His words strike a nerve, but probably not the one he hopes. “Yeah … I don’t think my mom cares much about my feelings these days. Unless those feelings are of regret and repentance. And even then …”
Aaron’s face falls, like he realizes that was a dick thing to say, even if he wasn’t trying to be hurtful. “Right. I’m sorry, man. I forgot—”
I wave away the rest of his apology. “It’s not a big dea
l. Forget about it.”
He stares at me like he wants to say something else, but I give him my best asshole glare. “Seriously. Forget about it.”
“Fine, fine.” Sighing, he scratches the back of his neck. “Sam and Maddie are waiting for me in my dressing room, so I better go hang with them for a while.”
“And you said you didn’t have any pre-show rituals.”
With a laugh, he flips me off and opens the door, the soft snick of the latch sealing me in with my thoughts once again.
Only this time they’re even darker, realizing that Viola’s right to push me away. What would she want with a fuckup like me, anyway? My own mother wants nothing to do with me. Why would anyone else?
Whatever flirtation Viola and I might have had going on at the pre-show dinner, it doesn’t resume afterward.
Or the next day.
Or the next week.
And even though I’m getting occasional meaningful looks from Aaron and the other women along for the tour, they’re all ridiculous. It’s the same thing with Blaire all over again—Viola and I are the only two single people they’re aware of, so of course we’ll end up together. Right?

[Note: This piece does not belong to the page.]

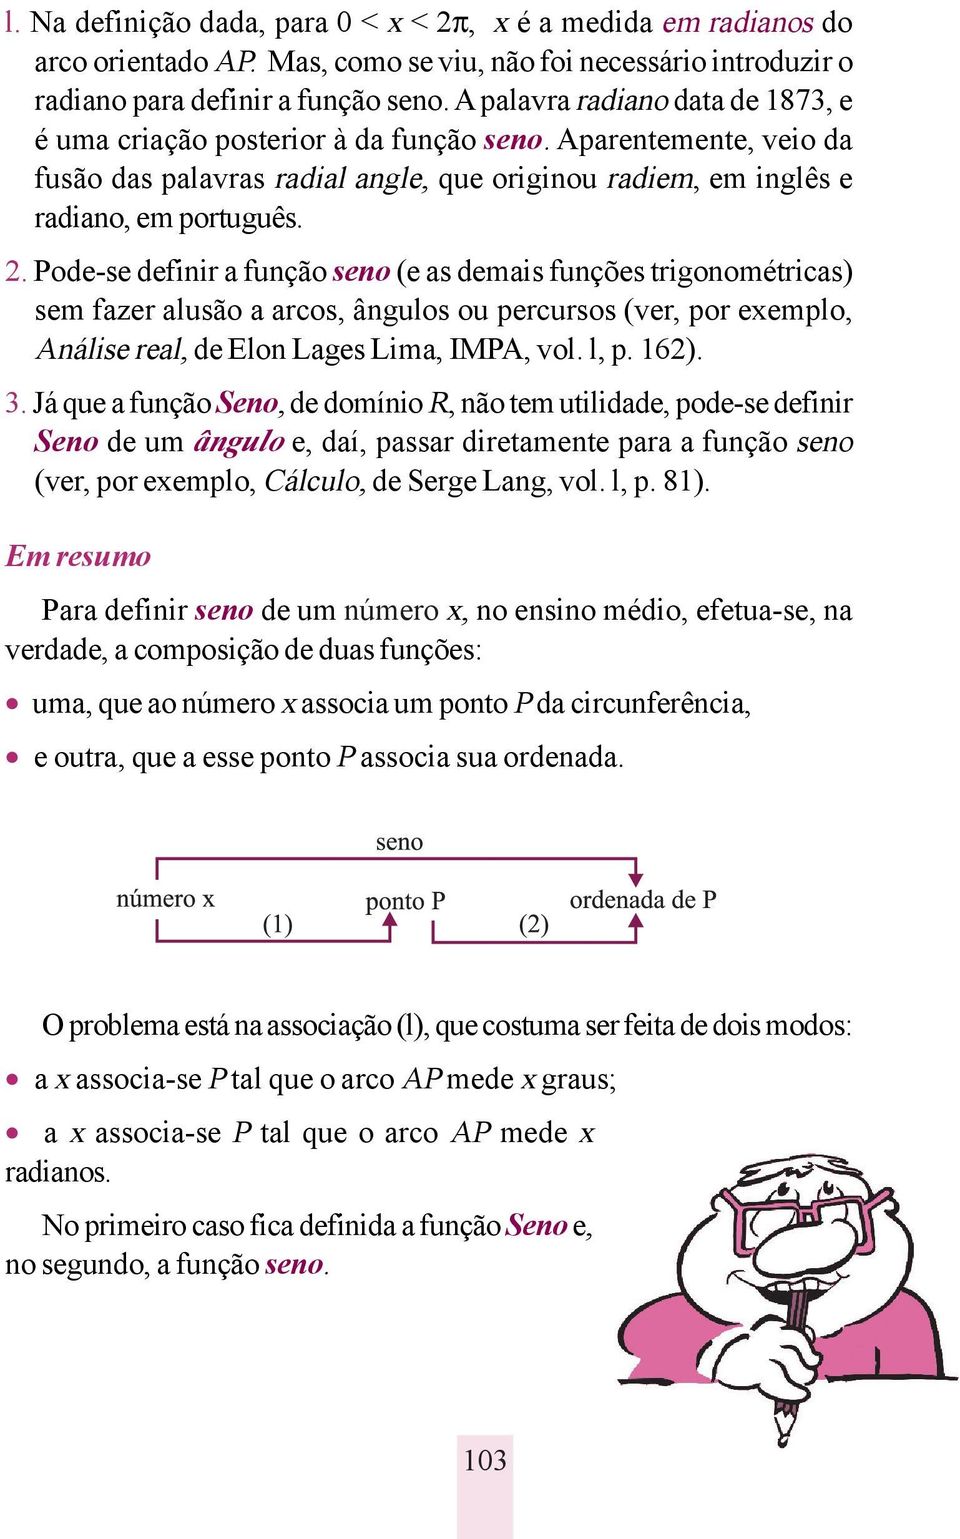 Pode-se definir a função seno (e as demais funções trigonométricas) sem fazer alusão a arcos, ângulos ou percursos (ver, por exemplo, Análise real, de Elon Lages Lima, IMPA, vol. l, p. 162). 3.

Only that didn’t go over well with Blaire. In fact, she hated the assumption so much that she ended even our casual relationship and ran off to join another tour.
These fuckers better not drive Viola off with their loaded looks and faulty assumptions. Just because they’re all disgustingly happy with their relationships doesn’t mean that I need that. Or want that.
Or that Viola does either.
Plus, there are plenty of other guys on the tour for her to date or sleep with or whatever. It’s not like I’m her only option. I still think there might be something going on with her and Dave the security guard. They’ve spent enough time together as my babysitters, exchanging looks when they thought I was too drunk to notice. He’s never been rude to her or tried to make her life harder out of spite. So it makes far more sense that she’d end up with him than with me anyway.